Reputation: 913
Performing intersection of vector c++
I have 200 vectors of size ranging from 1 to 4000000 stored in vecOfVec. I need to intersect these vectors with a single vector "vecSearched" of size 9000+ elements. I tried to do the same using the following code, however using perf tool I found that the intersection which I am doing is the bottleneck in my code. Is there some way by which I may perform an efficient intersection
#include <cstdlib>
#include <iostream>
#include <vector>
using namespace std;
int main(int argc, char** argv) {
vector<vector<unsigned> > vecOfVec; //contains 120 vectors of size ranging from 1 to 2000000 elements. All vectors in vecOfVec are sorted
vector<unsigned> vecSearched; //vector searched in contains 9000+ elements. Vectors in vecSearched are sorted
for(unsigned kbt=0; kbt<vecOfVec.size(); kbt++)
{
//first find first 9 values spaced at equi-distant places, use these 9 values for performing comparisons
vector<unsigned> equiSpacedVec;
if(((vecSearched[0]))>vecOfVec[kbt][(vecOfVec[kbt].size())-1]) //if beginning of searched vector > last value present in individual vectors of vecOfVec then continue
{
continue;
}
unsigned elementIndex=0; //used for iterating over equiSpacedVec
unsigned i=0; //used for iterating over individual buckets vecOfVec[kbt].second
//search for value in bucket and store it in bucketValPos
bool firstRun=true;
for(vector<unsigned>::iterator itValPos=vecSearched.begin();itValPos!=vecSearched.end();++itValPos)
{
//construct a summarized vector out of individual vectors of vecOfVec
if(firstRun)
{
firstRun=false;
unsigned elementIndex1=0; //used for iterating over equiSpacedVec
while(elementIndex1<(vecOfVec[kbt].size())) //create a small vector for skipping over the remaining vectors
{
if((elementIndex1+(10000))<(vecOfVec[kbt].size()))
elementIndex1+=10000;
else
break;
equiSpacedVec.push_back(vecOfVec[kbt][elementIndex1]);
}
}
//skip individual vectors of vecOfVec using summarized vector constructed above
while((!(equiSpacedVec.empty()))&&(equiSpacedVec.size()>(elementIndex+1))&&((*itValPos)>equiSpacedVec[elementIndex+1])){
elementIndex+=1;
if((i+100)<(vecOfVec[kbt].size()))
i+=100;
}
unsigned j=i;
while(((*itValPos)>vecOfVec[kbt][j])&&(j<vecOfVec[kbt].size())){
j++;
}
if(j>(vecOfVec[kbt].size()-1)) //element not found even at last position.
{
break;
}
if((*itValPos)==vecOfVec[kbt][j])
{
//store intersection result
}
}
}
return 0;
}
Upvotes: 6
Views: 679
Answers (4)
Reputation: 2637
The simplest way to compare two sorted vectors is to iterate through both of them at the same time, and only increment whichever iterator has the smaller value. This is guaranteed to require the smallest number of comparisons if both vectors are unique. Actually, you can use the same code for all sorts of collections linked lists.

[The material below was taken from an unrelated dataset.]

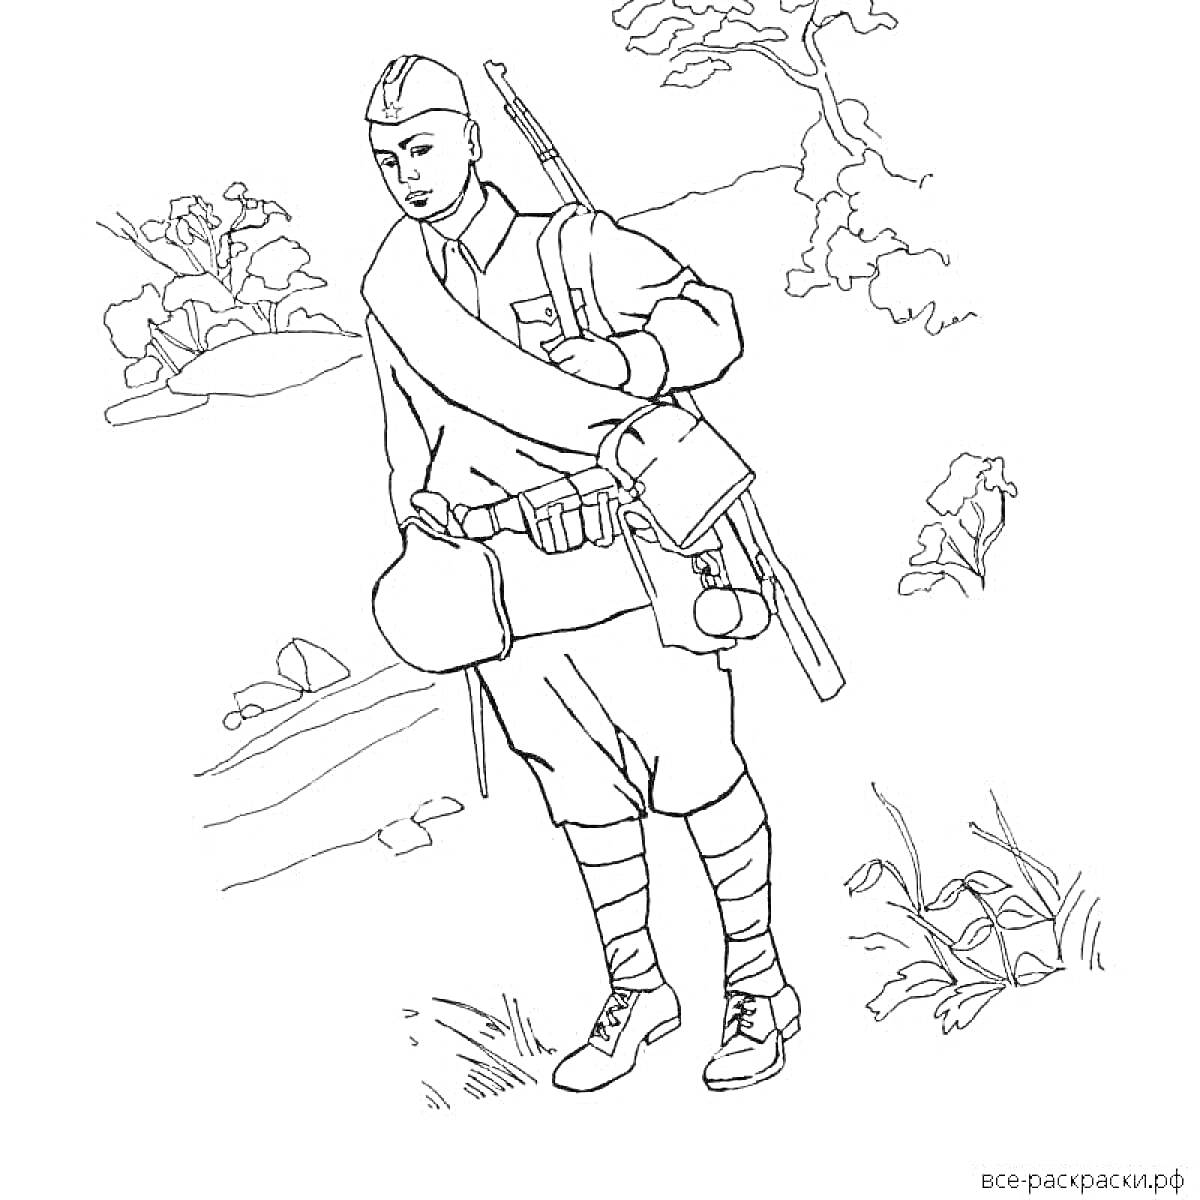 Раскраска Солдат с письмом в руке, штык и винтовка за спиной, бедруля на поясе, деревья и кустарники на фоне

@Nikos Athanasiou (answer above) gives lots of useful tips to speed up your code, like using skip lists, simd comparisons. However your dataset is so tiny that even the straightforward naive code here runs blindingly fast...
template<typename CONT1, typename CONT2, typename OP_MARKIDENTICAL>
inline
void set_mark_overlap( const CONT1& cont1,
const CONT2& cont2,
OP_MARKIDENTICAL op_markidentical)
{
auto ii = cont1.cbegin();
auto end1 = cont1.cend();
auto jj = cont2.cbegin();
auto end2 = cont2.cend();
if (cont1.empty() || cont2.empty())
return;
for (;;)
{
// increment iterator to container 1 if it is less
if (*ii < *jj)
{
if (++ii == end1)
break;
}
// increment iterator to container 2 if it is less
else if (*jj < *ii)
{
if (++jj == end2)
break;
}
// same values
// increment both iterators
else
{
op_markidentical(*ii);
++ii;
if (ii == end1)
break;
//
// Comment if container1 can contain duplicates
//
++jj;
if (jj == end2)
break;
}
}
}
Here is how you might use this code:
template<typename TT>
struct op_store
{
vector<TT>& store;
op_store(vector<TT>& store): store(store){}
void operator()(TT val){store.push_back(val);}
};
vector<unsigned> first{1,2,3,4,5,6};
vector<unsigned> second{1,2,5,6, 7,9};
vector<unsigned> overlap;
set_mark_overlap( first, second, op_store<unsigned>(overlap));
for (const auto& ii : overlap)
std::cout << ii << ",";
std::cout << ii << "\n";
// 1,2,5,6
This code assumes that neither vector contains duplicates. If any of your vecOfVec contains duplicates, and you want each duplicate to be printed out, then you need to comment the indicated code above. If your vecSearched vector contains duplicates, it is not clear what would be the appropriate response...
In your case, the code to store matching values would be just these three lines:
// results
vector<vector<unsigned> > results(120);
for (unsigned ii = 0; ii < vecOfVec.size(); ++ii)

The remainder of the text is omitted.